- Born: Alexander Sergeyevich Esenin-Volpin May 12, 1924 Leningrad, Russian SFSR, Soviet Union
- Died: March 16, 2016 (aged 91) Boston, Massachusetts, United States
- Citizenship: Soviet Union United States
- Education: Moscow State University
- Occupations: Mathematician, human rights activist, Soviet dissident, poet
- Scientific career
- Fields: Mathematics
- Workplaces: Boston University

= Alexander Esenin-Volpin =

Russian-American poet and mathematician

Alexander Sergeyevich Esenin-Volpin (Алекса́ндр Серге́евич Есе́нин-Во́льпин; May 12, 1924 – March 16, 2016) was a Russian-American poet and mathematician known for his foundational role in ultrafinitism. Esenin-Volpin was a prominent Soviet dissident and a leader of the Soviet human rights movement during the 1960s.

Esenin-Volpin was the son of the famous Russian poet Sergei Yesenin and graduated as a Candidate from Moscow State University in 1949. Esenin-Volpin was imprisoned in psikhushkas as a political prisoner several times between 1949 and 1969, spending a total of six years incarcerated for anti-Soviet agitation for publishing samizdat. Esenin-Volpin was exiled to the United States in 1972 and worked as a professor and librarian.

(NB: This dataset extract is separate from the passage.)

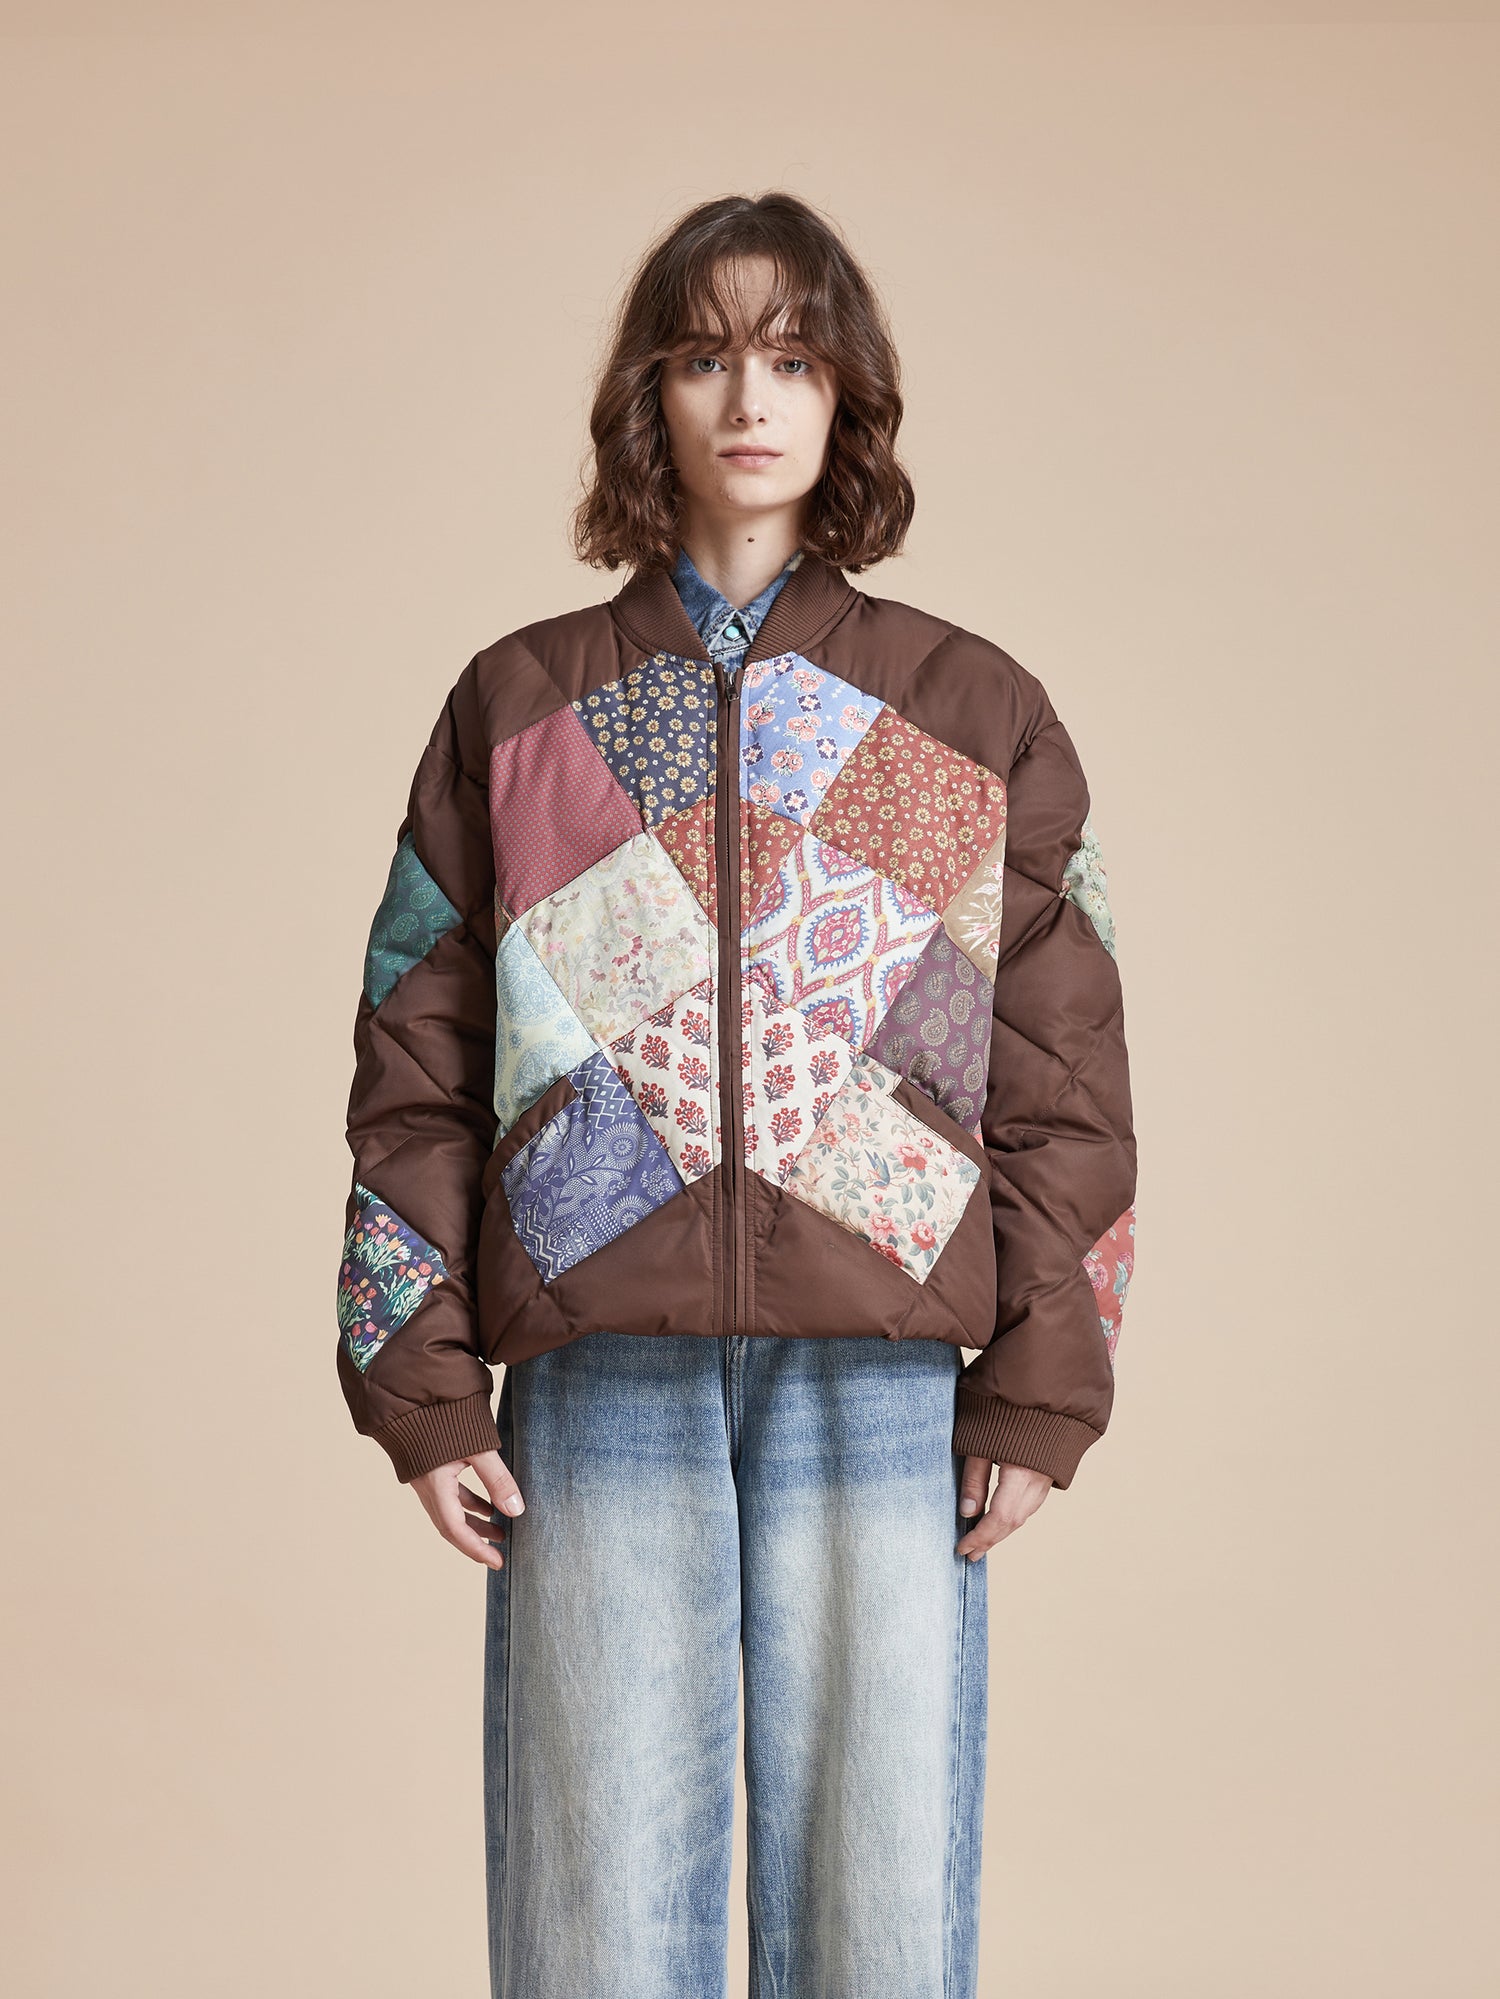 A woman wearing a Found Diamond Quilt Patchwork Jacket and jeans.

Esenin-Volpin's name is also written Ésénine-Volpine and Yessenin-Volpin in his French and English publications.

== Early life ==
Alexander Sergeyevich Esenin-Volpin was born on 12 May 1924 in Leningrad, Soviet Union. His father was Sergei Yesenin, a celebrated Russian lyric poet who had a complicated relationship with the Bolsheviks. His mother, Nadezhda Volpin, was a poet and translator from French and English. Yesenin and Volpina were unmarried literary friends, and Alexander was conceived during an affair in the summer of 1923. Volpina ended their relationship when Yesenin tried to convince her to have an abortion. Alexander never met his father, who died under suspicious cicrumstances at the Hotel Angleterre in December 1925. Alexander and his mother moved from Leningrad to Moscow in 1933. He graduated from the prestigious Moscow State University with a Candidate dissertation in mathematics in the spring of 1949. After graduation, Volpin was sent to the city of Chernovtsy in the Ukrainian SSR to teach mathematics at the local state university.

== Dissident activity ==
Esenin-Volpin's legal issues for dissident activity began on 21 July 1949, less than a month after his arrival in Chernovtsy, when he was arrested by the MGB, sent on a plane back to Moscow, and incarcerated in the Lubyanka Building. He was charged with "systematically conducting anti-Soviet agitation, writing anti-Soviet poems, and reading them to acquaintances." Apprehensive about the prospect of prison and labor camps, he faked a suicide attempt in order to initiate a psychiatric evaluation. This resulted in psychiatrists at Moscow's Serbsky Institute declaring him mentally incompetent, and in October 1949 he was transferred to the Leningrad Psychiatric Prison Hospital for an indefinite stay. Imprisonment in a psikhushka (psychiatric hospital) was a common form of punishment for dissidents in the Soviet Union. However, a year later, Esenin-Volpin was abruptly released from the prison hospital, and sentenced to five years exile in Karaganda in the Kazakh SSR as a "socially dangerous element." He found employment as a teacher of evening and correspondence courses in mathematics. He was released from exile in Karaganda in December 1953 as part of an amnesty following the death of Joseph Stalin, and returned to Moscow. Soon he became a known mathematician. In particular, he adhered to the philosophical theories of ultrafinitism and intuitionism and worked on development of these.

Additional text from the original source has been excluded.